The young woman seated next to me spends the 8-hour flight quietly resting, snacking on crisps (we’re going with British vernacular from here on), and looking at pictures of herself on her phone. Due to extreme proximity and my inability to sleep, I also spend a portion of the journey eaves-looking at her selfies. Together, we scroll through endless shots of her posing with and without makeup, in the company of others and alone, through mirrors and beyond them. I’m struck by how conventionally beautiful her face is and how few pictures there are of anything else. Were someone to assess this person’s camera roll with the task of determining, from a cursory glance, what’s important to her… well, I know one answer!
I can’t talk. It would bring me acute embarrassment for anyone to glimpse the phone selfies I have taken, equal parts flattering and frightful, intended to immortalize my physical form or assess it for supposed weakness. I understand too well the compulsion to scrutinize and obsess to the point where a thing no longer exists, like repeatedly speaking a word until it loses all meaning. I have hyper-focused until I’ve disappeared, blurred into a pixelated blob—a result that is both disorientating and freeing, depending on perspective.
Another wave of weepiness rises in my chest for the young woman seated next to me and for all of us and the ways we are consumed. Outside, the sky is like the bottom of the ocean. I slip my headphones on and immerse myself in a world of sad, soft sounds, eyes closed, heart and mind still very much awake.
In London, we walk the dogs along the Thames and pop over to Richmond for Ted Lasso-related wandering. We play Scrabble with the family, build a 3D Harry Potter puzzle, and clink glasses in a pub owned by James Blunt. A few days before Christmas, we peruse the stalls at Borough Market with Will’s mum before heading to our old haunt in Brick Lane. We eat Thai food at Rosa’s and browse the stacks at Rough Trade—a stone’s throw from our former flat, which I’m pleased to discover has a thriving plant in the window.
On a relatively bright, windless day, we trek from the British Library to the edge of Green Park.
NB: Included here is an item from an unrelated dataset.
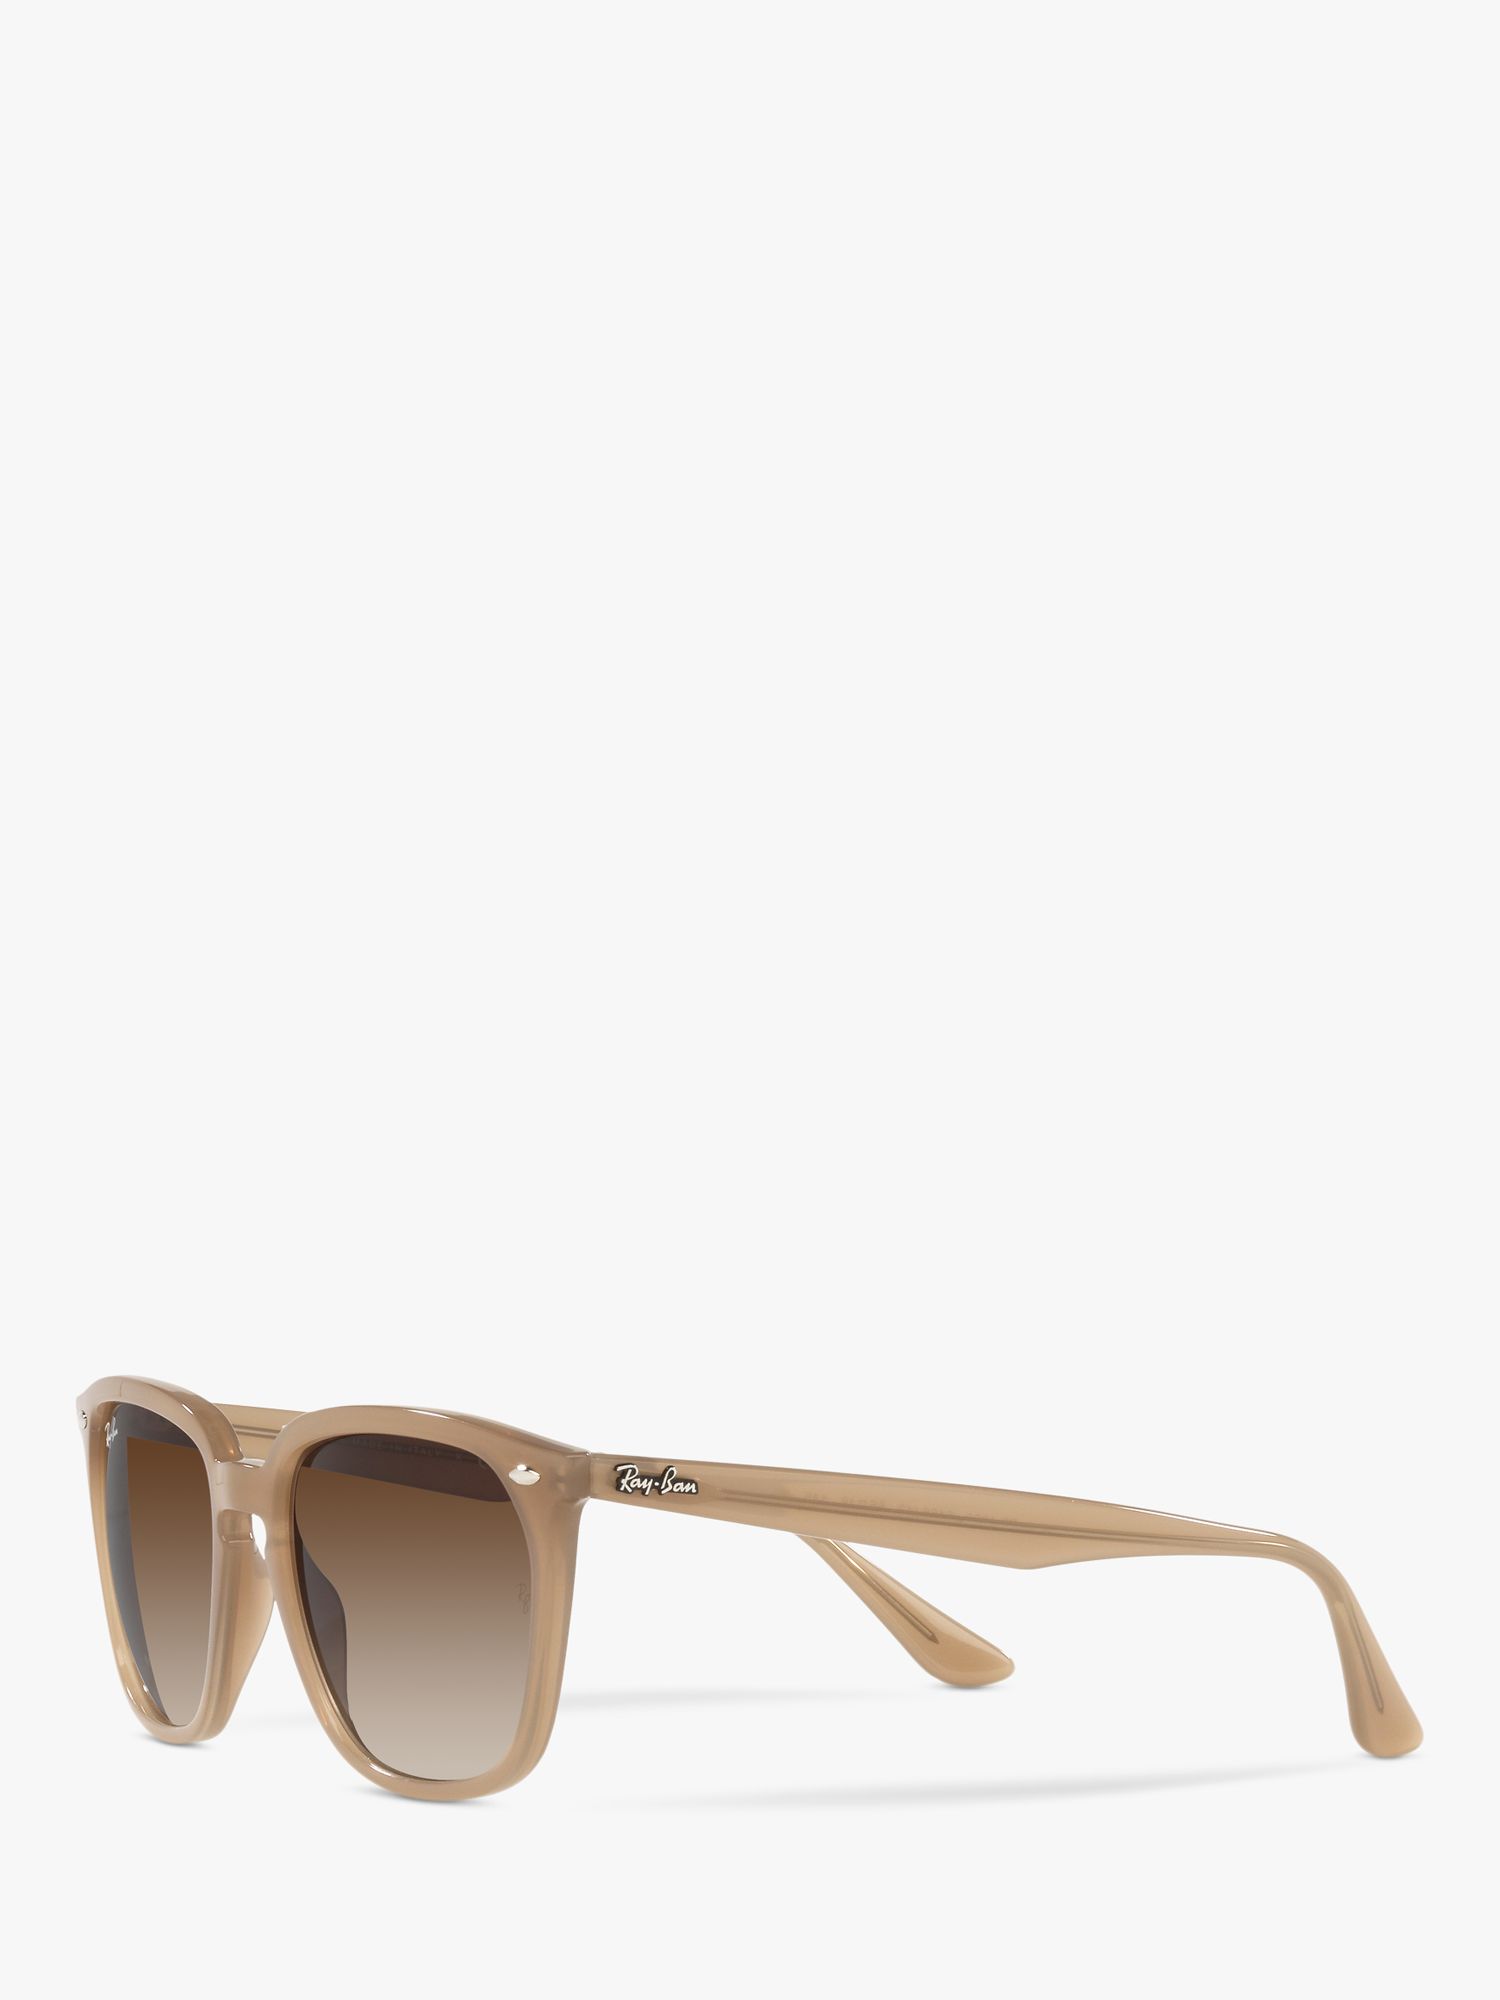 Ray-Ban RB4362 Unisex Square Sunglasses, Light Brown/Brown Gradient at John  Lewis & Partners

I’m tempted to revisit the art school I attended near King’s Cross, but it feels physically and spiritually out of the way. We stop for coffee and a treat, duck into Hatchard’s to look at postcards and books, and weave through hoards of people along Picadilly before catching the bus back to SW6.
The entire time, I keep seeing the number 33.
Christmas Day is spent at my brother-in-law’s in Essex—what feels like a world away from the hustle and bustle of London. Nature is infinitely more prevalent in this part of the country and feels ancient and storybook. Something about the little town we’re in reminds me of where Will and I live in Minnesota, except everything is closer together and medieval. Mossier. More quaint.
Sometime after the presents have been opened, pudding eaten, and the festivities dwindled, I get antsy. Typically, by this point in any trip to England, I’m a tad on edge. I’m feeling socially drained, all my little pressure points and anxieties are mild to severely inflamed, and I’ve cried at least once.
But this time is different. I’m not upset or fussed about anything. So far, everything has been, well, lovely. My otherness—the thing that usually trips me up—no longer feels like a barrier but a portal to deeper connection and self-discovery. Even when my mind threatens to self-sabotage and dwell on various what-ifs and complaints, I notice that I’m calmer and less prone to letting it.
Back in London, I’m suspicious of this newfound peace. It feels almost flukey, and I keep waiting for something to shift and to burst into tears. While waiting at a crossing in central London, I suddenly feel as though someone is staring at me. When I look up, I see the number 33 for, like, the hundredth time.
Ok, fine, I think. Let’s figure this out. What lesson am I supposed to be learning? What do I still need to face?
I research everything 33 can possibly mean. There are so many interpretations: creative expression, spiritual growth, a call to create more balance and harmony in your romantic life/your work life/your cat’s life. Twin flames. I mean, pick a word or phrase, and 33 will likely indicate it!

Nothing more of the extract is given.